WHAT TO WORK ON — A single number is the answer: the count of lines in these records with "online" in them.

PROVIDED DATA —
↓↓↓

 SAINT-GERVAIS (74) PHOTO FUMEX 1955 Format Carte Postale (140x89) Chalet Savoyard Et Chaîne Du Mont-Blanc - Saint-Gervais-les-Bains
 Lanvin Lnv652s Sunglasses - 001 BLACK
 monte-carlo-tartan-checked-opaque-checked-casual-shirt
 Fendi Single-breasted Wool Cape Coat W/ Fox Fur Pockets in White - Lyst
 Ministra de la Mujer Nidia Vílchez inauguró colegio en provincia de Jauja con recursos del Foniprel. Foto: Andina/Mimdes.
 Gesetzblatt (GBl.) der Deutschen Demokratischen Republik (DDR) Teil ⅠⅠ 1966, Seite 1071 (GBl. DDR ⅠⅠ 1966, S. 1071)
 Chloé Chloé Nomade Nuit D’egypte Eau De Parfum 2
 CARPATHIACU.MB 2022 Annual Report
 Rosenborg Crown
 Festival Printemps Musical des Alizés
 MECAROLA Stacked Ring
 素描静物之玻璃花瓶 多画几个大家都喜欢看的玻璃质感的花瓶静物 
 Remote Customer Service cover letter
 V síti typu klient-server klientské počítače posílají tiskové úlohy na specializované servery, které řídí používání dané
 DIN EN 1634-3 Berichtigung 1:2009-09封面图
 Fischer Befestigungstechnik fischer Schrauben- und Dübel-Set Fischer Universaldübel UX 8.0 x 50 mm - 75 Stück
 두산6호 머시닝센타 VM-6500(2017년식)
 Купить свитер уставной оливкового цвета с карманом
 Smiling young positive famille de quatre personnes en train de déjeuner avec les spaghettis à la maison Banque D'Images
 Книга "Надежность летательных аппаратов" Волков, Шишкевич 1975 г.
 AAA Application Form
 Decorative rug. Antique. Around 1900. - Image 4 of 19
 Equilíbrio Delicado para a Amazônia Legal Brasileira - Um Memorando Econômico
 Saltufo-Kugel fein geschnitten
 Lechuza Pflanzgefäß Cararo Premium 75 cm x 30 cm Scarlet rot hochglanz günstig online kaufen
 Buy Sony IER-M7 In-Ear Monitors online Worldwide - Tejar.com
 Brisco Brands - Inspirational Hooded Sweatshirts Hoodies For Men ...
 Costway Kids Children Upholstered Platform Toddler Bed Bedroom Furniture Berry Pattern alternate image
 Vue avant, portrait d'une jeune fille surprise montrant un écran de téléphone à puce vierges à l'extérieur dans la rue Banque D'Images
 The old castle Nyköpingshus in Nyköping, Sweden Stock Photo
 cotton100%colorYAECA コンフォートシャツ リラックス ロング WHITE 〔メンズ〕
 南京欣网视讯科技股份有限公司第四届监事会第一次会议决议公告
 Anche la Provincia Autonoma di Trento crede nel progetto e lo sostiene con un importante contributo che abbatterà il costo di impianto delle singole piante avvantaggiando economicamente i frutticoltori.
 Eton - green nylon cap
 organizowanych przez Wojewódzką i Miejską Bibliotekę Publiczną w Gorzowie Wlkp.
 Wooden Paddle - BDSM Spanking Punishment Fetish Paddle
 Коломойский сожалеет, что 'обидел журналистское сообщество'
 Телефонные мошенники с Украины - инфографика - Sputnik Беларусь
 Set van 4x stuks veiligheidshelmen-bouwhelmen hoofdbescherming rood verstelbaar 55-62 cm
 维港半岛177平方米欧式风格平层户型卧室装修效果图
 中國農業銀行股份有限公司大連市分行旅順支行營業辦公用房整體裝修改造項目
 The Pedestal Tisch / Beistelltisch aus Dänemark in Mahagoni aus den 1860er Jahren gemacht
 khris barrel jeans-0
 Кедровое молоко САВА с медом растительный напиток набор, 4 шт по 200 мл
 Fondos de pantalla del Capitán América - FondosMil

↑↑↑

SOLUTION BELOW — 2